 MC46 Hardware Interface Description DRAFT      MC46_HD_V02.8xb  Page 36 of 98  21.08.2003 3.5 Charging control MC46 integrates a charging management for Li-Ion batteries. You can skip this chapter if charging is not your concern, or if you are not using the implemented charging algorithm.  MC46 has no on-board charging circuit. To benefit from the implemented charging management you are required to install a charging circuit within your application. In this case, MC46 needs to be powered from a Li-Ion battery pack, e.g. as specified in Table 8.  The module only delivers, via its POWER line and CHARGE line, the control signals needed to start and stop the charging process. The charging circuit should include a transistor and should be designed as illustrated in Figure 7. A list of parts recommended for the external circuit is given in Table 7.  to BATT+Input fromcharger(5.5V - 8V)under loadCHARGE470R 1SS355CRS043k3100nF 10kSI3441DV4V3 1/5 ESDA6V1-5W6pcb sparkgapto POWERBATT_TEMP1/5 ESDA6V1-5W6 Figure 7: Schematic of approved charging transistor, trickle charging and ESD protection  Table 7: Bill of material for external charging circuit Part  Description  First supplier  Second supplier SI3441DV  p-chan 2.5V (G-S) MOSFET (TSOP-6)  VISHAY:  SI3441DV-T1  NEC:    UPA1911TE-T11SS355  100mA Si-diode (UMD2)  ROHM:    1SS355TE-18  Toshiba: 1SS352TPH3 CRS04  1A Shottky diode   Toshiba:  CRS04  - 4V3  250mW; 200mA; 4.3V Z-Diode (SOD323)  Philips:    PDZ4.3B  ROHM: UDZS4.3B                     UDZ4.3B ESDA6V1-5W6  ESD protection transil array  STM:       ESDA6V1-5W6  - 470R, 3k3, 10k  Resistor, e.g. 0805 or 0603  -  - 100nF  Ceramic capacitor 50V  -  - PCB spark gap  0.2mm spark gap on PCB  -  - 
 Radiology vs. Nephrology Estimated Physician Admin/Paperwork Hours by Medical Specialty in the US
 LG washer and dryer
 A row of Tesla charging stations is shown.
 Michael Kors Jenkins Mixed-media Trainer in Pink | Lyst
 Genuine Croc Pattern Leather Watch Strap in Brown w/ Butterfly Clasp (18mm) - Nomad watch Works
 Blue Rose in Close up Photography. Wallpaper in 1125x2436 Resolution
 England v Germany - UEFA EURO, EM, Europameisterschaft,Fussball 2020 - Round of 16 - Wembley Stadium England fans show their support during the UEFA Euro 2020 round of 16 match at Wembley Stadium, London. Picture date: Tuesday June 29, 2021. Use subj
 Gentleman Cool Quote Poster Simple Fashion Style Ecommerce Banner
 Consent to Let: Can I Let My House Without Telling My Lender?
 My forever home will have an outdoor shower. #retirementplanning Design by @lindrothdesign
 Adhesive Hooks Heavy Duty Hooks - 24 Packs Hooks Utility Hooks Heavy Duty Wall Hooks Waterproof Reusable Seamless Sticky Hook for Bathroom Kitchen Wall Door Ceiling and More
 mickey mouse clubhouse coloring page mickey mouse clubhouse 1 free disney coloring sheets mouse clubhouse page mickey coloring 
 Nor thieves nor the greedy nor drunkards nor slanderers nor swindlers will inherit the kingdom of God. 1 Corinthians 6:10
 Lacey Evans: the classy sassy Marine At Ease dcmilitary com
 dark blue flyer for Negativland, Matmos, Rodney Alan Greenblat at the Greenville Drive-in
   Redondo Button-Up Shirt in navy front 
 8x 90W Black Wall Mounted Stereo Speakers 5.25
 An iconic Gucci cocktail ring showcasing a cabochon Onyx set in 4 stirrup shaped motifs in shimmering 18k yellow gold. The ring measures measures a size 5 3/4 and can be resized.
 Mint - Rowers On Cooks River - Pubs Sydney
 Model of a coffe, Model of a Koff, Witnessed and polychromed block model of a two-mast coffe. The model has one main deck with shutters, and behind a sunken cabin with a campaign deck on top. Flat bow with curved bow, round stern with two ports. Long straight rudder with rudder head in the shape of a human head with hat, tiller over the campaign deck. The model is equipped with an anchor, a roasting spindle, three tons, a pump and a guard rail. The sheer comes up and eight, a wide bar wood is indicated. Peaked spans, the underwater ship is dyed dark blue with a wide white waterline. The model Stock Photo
++++++++++
Instructions to follow: Each line from the one with "My forever home" to the end of the material should be duplicated exactly, and no other line.

Answer:
 My forever home will have an outdoor shower. #retirementplanning Design by @lindrothdesign
 Adhesive Hooks Heavy Duty Hooks - 24 Packs Hooks Utility Hooks Heavy Duty Wall Hooks Waterproof Reusable Seamless Sticky Hook for Bathroom Kitchen Wall Door Ceiling and More
 mickey mouse clubhouse coloring page mickey mouse clubhouse 1 free disney coloring sheets mouse clubhouse page mickey coloring 
 Nor thieves nor the greedy nor drunkards nor slanderers nor swindlers will inherit the kingdom of God. 1 Corinthians 6:10
 Lacey Evans: the classy sassy Marine At Ease dcmilitary com
 dark blue flyer for Negativland, Matmos, Rodney Alan Greenblat at the Greenville Drive-in
   Redondo Button-Up Shirt in navy front 
 8x 90W Black Wall Mounted Stereo Speakers 5.25
 An iconic Gucci cocktail ring showcasing a cabochon Onyx set in 4 stirrup shaped motifs in shimmering 18k yellow gold. The ring measures measures a size 5 3/4 and can be resized.
 Mint - Rowers On Cooks River - Pubs Sydney
 Model of a coffe, Model of a Koff, Witnessed and polychromed block model of a two-mast coffe. The model has one main deck with shutters, and behind a sunken cabin with a campaign deck on top. Flat bow with curved bow, round stern with two ports. Long straight rudder with rudder head in the shape of a human head with hat, tiller over the campaign deck. The model is equipped with an anchor, a roasting spindle, three tons, a pump and a guard rail. The sheer comes up and eight, a wide bar wood is indicated. Peaked spans, the underwater ship is dyed dark blue with a wide white waterline. The model Stock Photo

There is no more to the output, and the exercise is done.